1)I’ve succesfully compiled the C version of go with $GOBIN=~/go.old.binaries
go1.4-bootstrap-20161024.tar.gz
so that I’ve the 2 binaries (go / gofmt) in ~/go.old.binaries
and I temporary set $PATH to find them from anywhere
having “which go” : ~/go.old.binaries/go
Now I clone the go source code (written in go).
Which is supposed to be the command to compile with my new fresh go version of step 1)
should it still be ./all.bash
or make -f Make.dist verbose ?
You need to set $GOROOT_BOOTSTRAP to your 1.4 bootstrap environment, then compile newer Go as usual. This is all fully documented here: https://golang.org/doc/install/source
Thanks.
Yes, I read that page and even followed those steps, still I consider those instructions misleading
and not clearing say what to do if you want to keep up-to-date your go version every, say, 2 days
with a normal “git pull”.
It would seem that on each “git pull” you need to have 2-full-separate-“go tree” the “active/running/
(old) bootstrap version” and the new cloned source repo. Once the new go is compiled you must
overwrite the previous “bootstrap” and so on.

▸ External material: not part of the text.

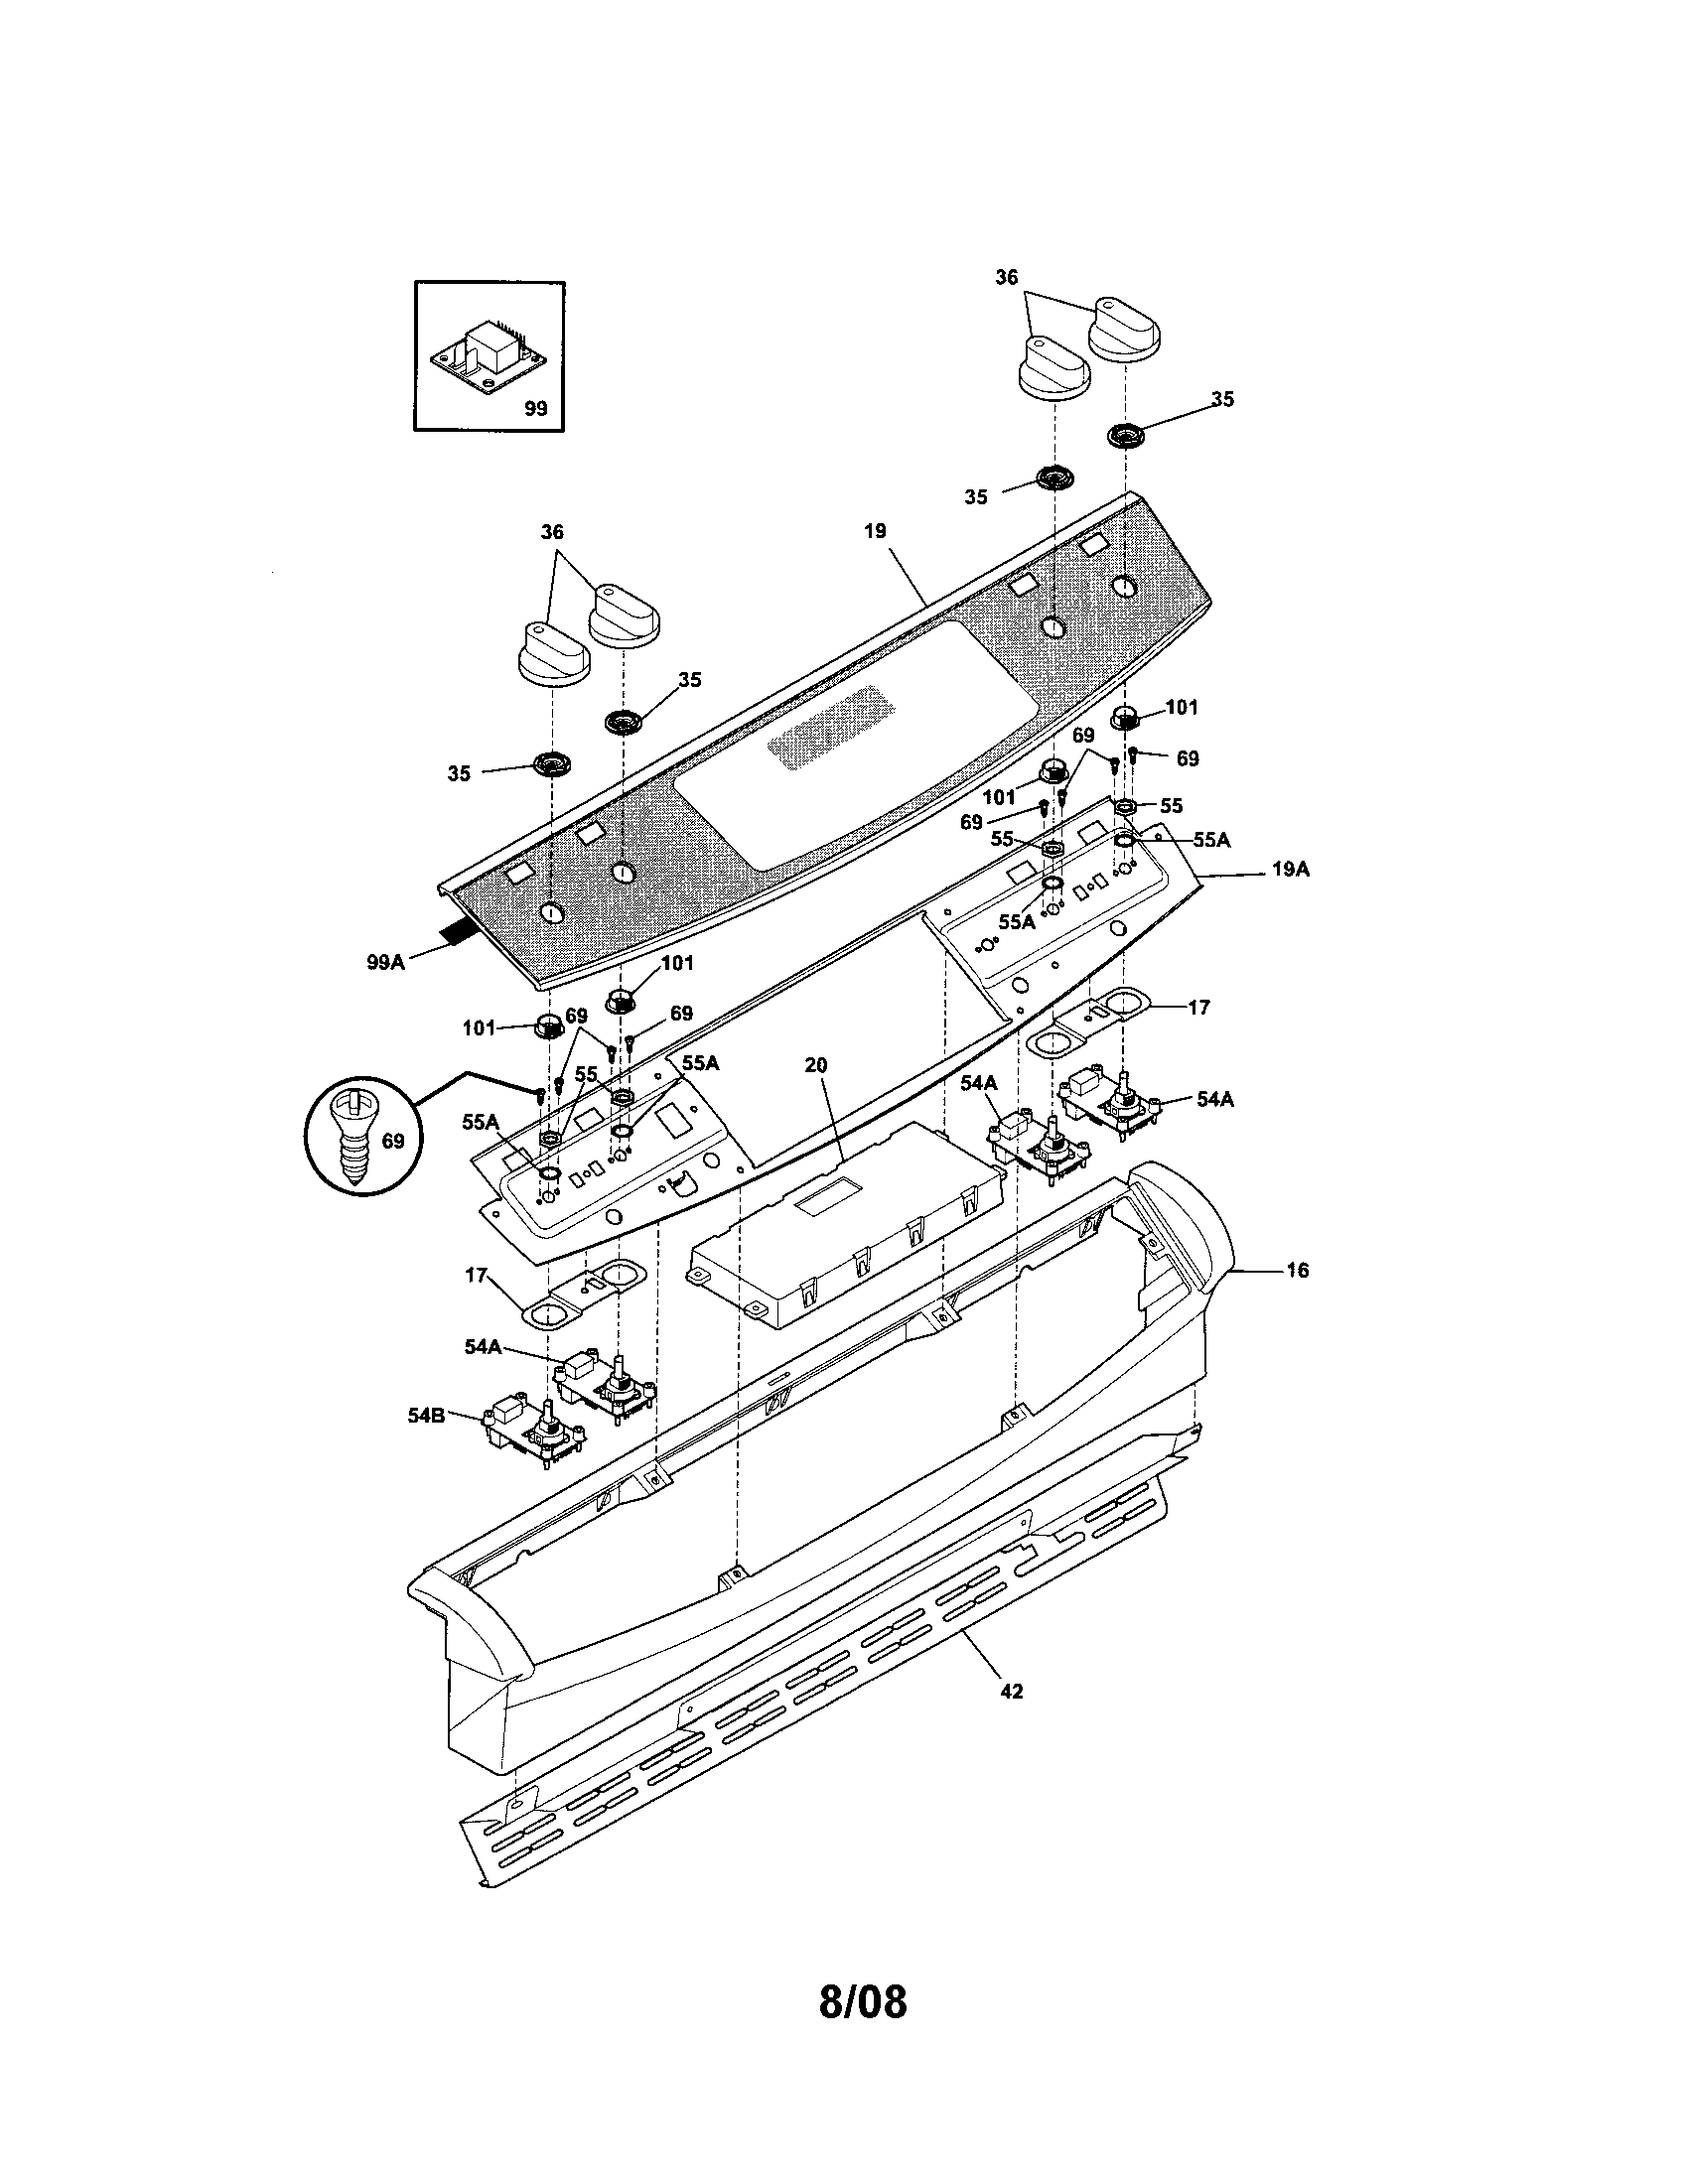 Frigidaire model PLES389ECI slide-in range, electric

Doing like that, I can have what I wanted. But it seems overkilling what I was expecting to be as simple as:
git pull # retrieve last commits
cd ./src && ./all.bash # recompile everything (using binaries in ~/go/)
You’re doing something different than that page is describing. To summarize, what you need to do if you just want to keep up to date with the source continuously;
Get one binary version of Go as a bootstrap. This could be the latest 1.4 or the latest 1.7 or the 1.8 beta - it doesn’t matter as long as it’s a Go compiler. Extract it into, for example, /usr/local/go1.7.4.
Download the source (or git clone it) into, for example, /usr/local/go-tip.
You now have one binary version of Go, and the source. Now compile the source with the bootstrap compiler:
$ export GOROOT_BOOTSTRAP=/usr/local/go1.7.4
$ cd /usr/local/go-tip/src
$ ./all.bash
That’s all. The procedure is the same after a git pull. There is no need to rebuild the bootstrap compiler, and it won’t rebuild more than necessary.
Add /usr/local/go-tip/bin to your $PATH or symlink the binaries to somewhere. Do not set $GOROOT.